Felix Kupa, the new head of N.B.M., has striven to show a softer, more beneficent side of the organization. (Kupa declined to be interviewed for this story.) He has launched programs promoting resettlement for refugees and legal aid for prisoners. A $1.38 million vocational center is being planned for Benin City, where young Nigerians will be able to learn trades and leadership skills, and educate themselves in African history.

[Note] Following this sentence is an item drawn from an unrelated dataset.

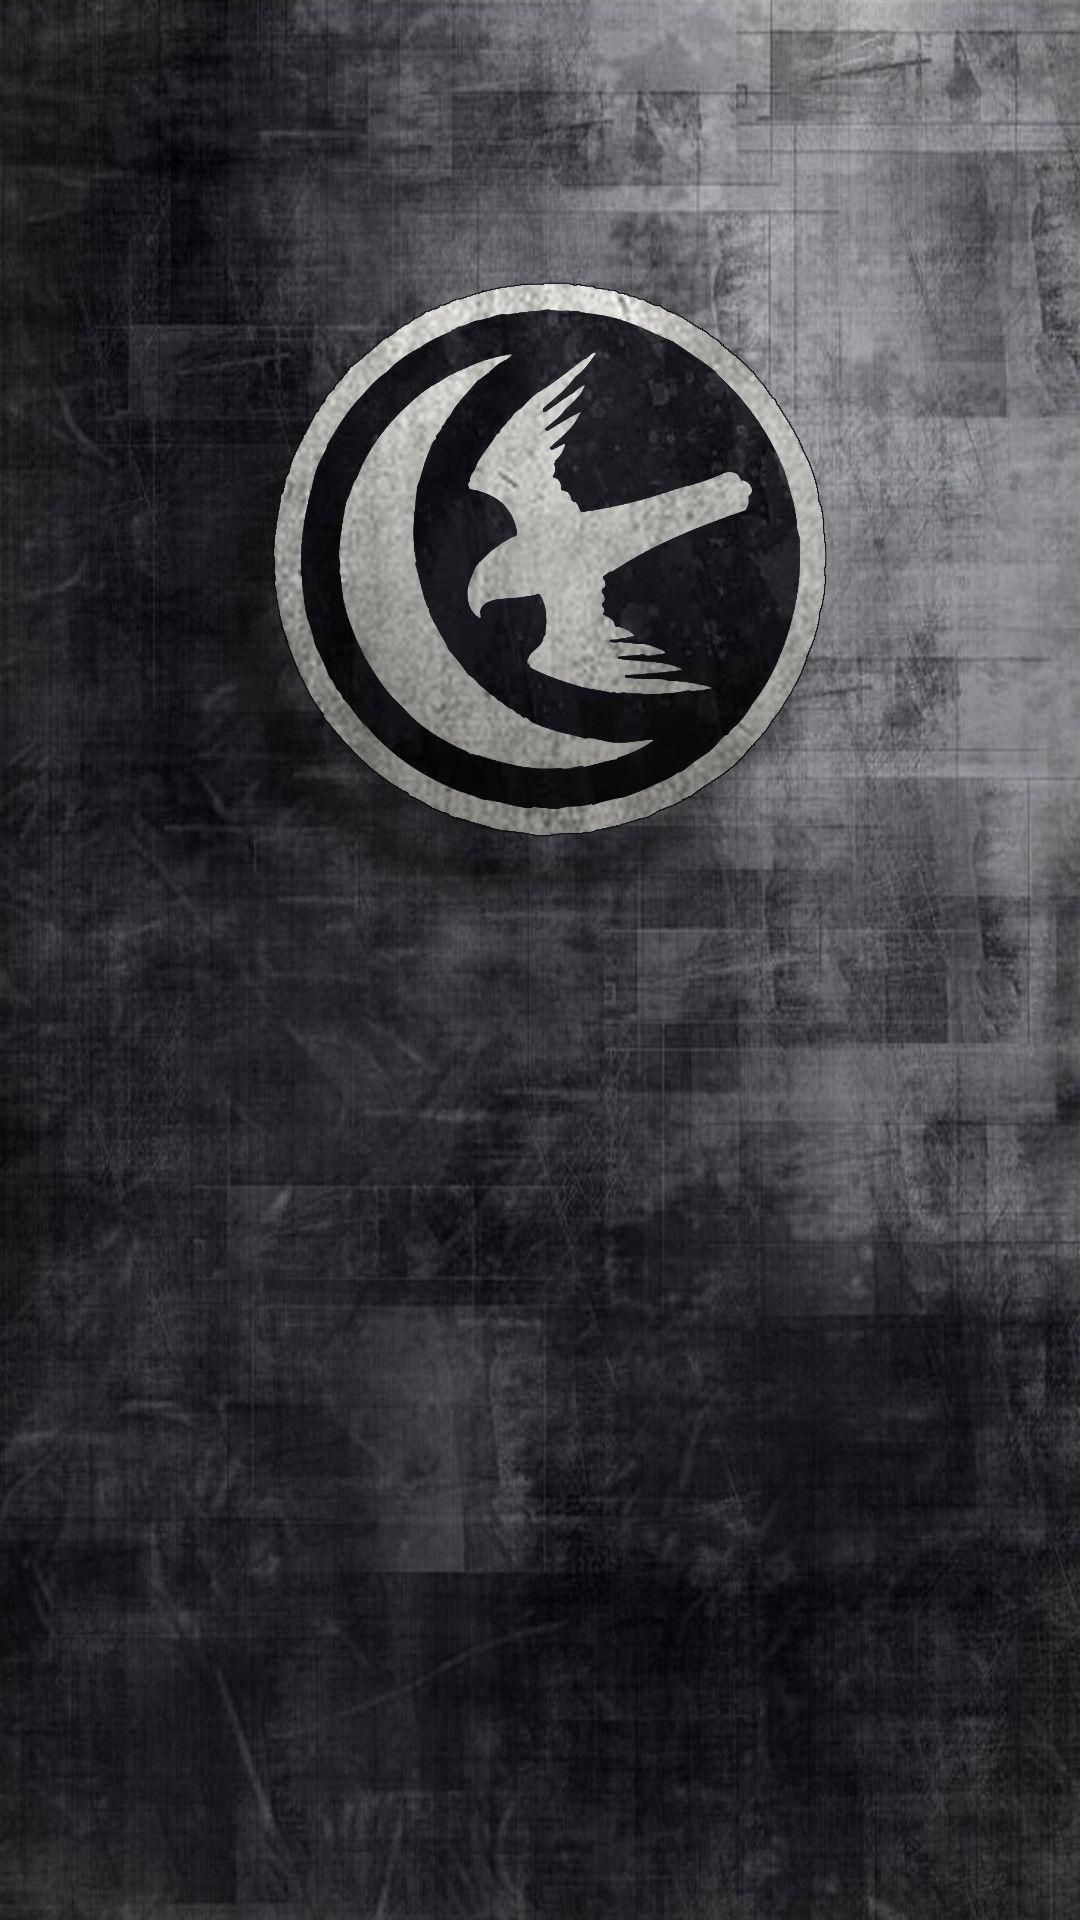 No Spoilers Decided to make some phone wallpaper, Enjoy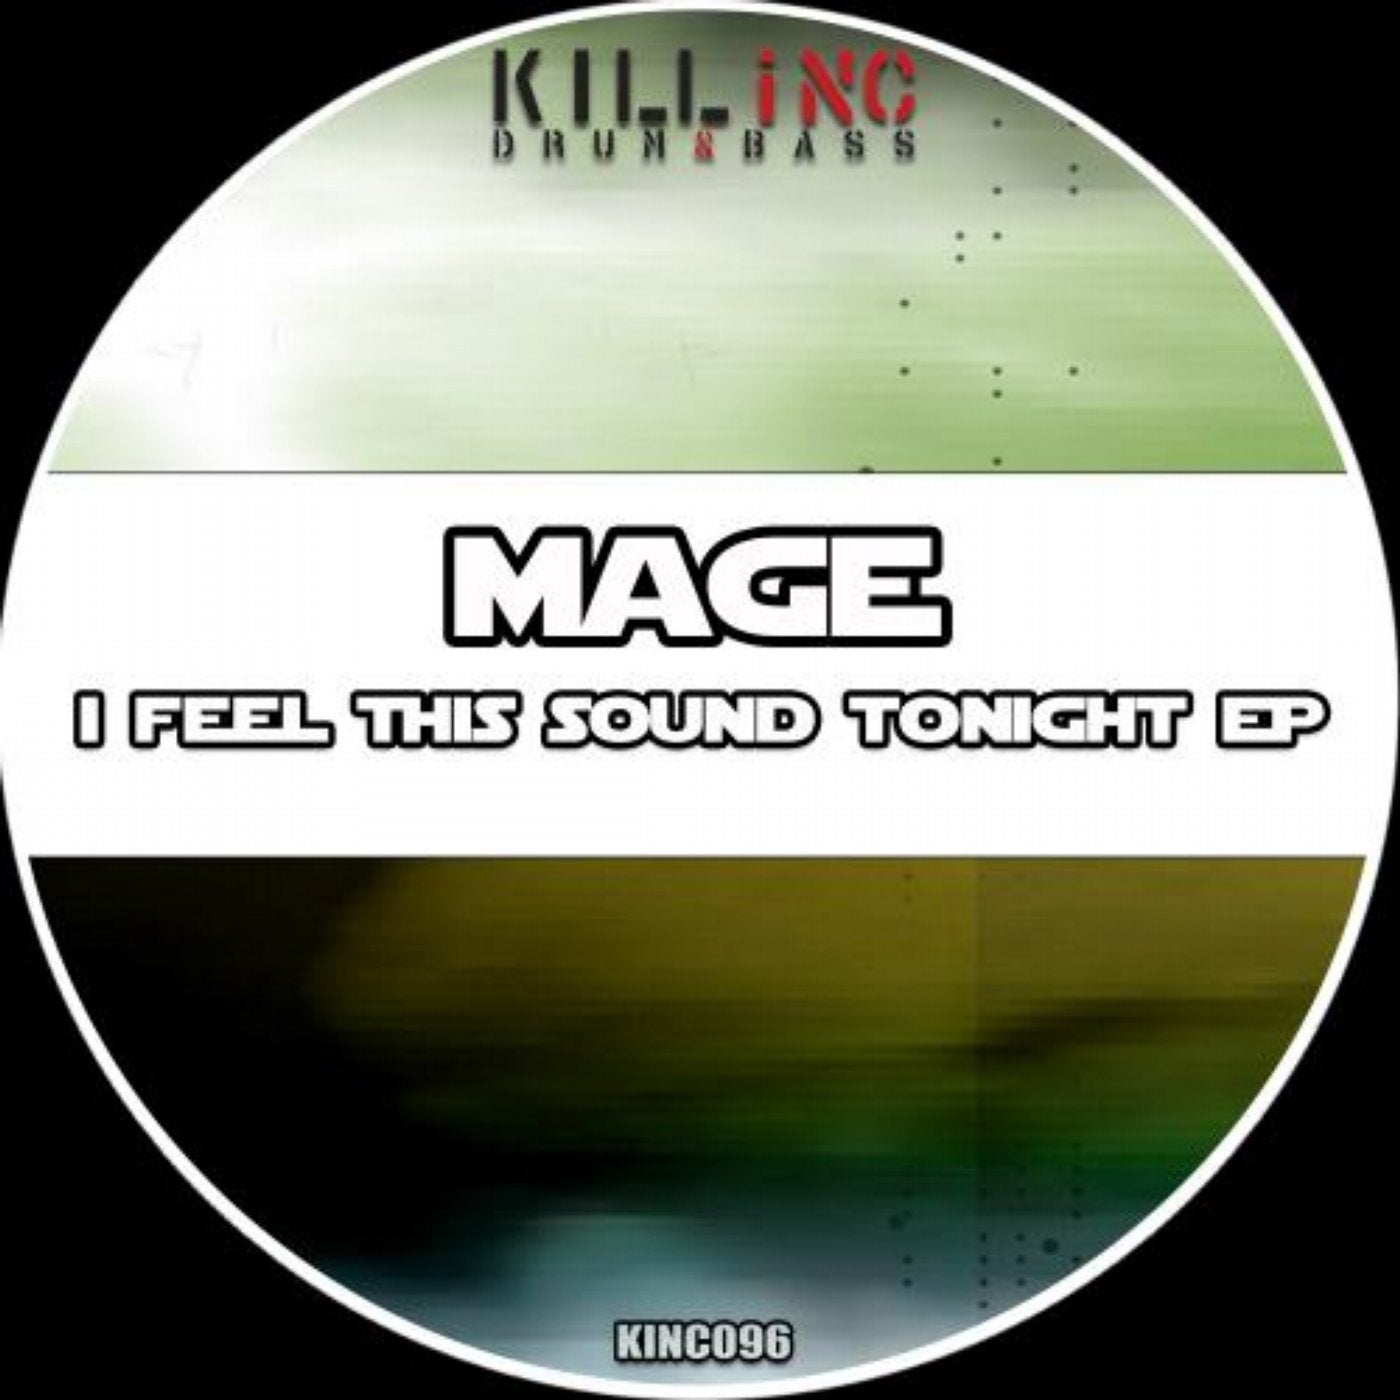 I Feel This Sound Tonight EP

With the help of elders such as Amadasu, Kupa is also working to log every N.B.M. member in a database, including personal details and fingerprints. Since last May, the movement has worked with a Lagos consultancy to develop an app with which it can track personal information. “If you are not willing to share your details with us, or with the authorities around the world, that means there is something criminal about you,” Melvin Richmond told me. It is unclear when the project will be completed.
Before I left Nigeria, I met John a second time, at an upscale café in a modern neighborhood on the edge of Lagos. It was hot and windy, and great clouds of construction dust whipped across the street outside. Beyond the café sat the old skyscrapers of Lagos Island, cloaked in smog and harmattan sand. John was dressed in black-and-yellow athletic gear and wore his hair in tight braids. He spoke louder and with more confidence than the first time we had met. He told me he could never fully leave the Black Axe, but at least in Lagos he could step back, and slip seamlessly into the city’s sulfur-choked bedlam. He lives on its perimeter with a girlfriend and works as a supplier for his mother’s construction company. He had begun teaching prisoners the dangers of cultism.
His views on the Black Axe had mellowed since the worst days of Jos. “Enlightenment matters,” he said of its founding ethos. He believed in the organization’s founding politics of black emancipation and delighted in meeting others across Africa who felt the same. One day, he told me, he hoped to leverage his N.B.M. contacts to join Nigeria’s political ranks. “You see yourself as limitless,” he said. “You can’t be subdued by anything or anybody.”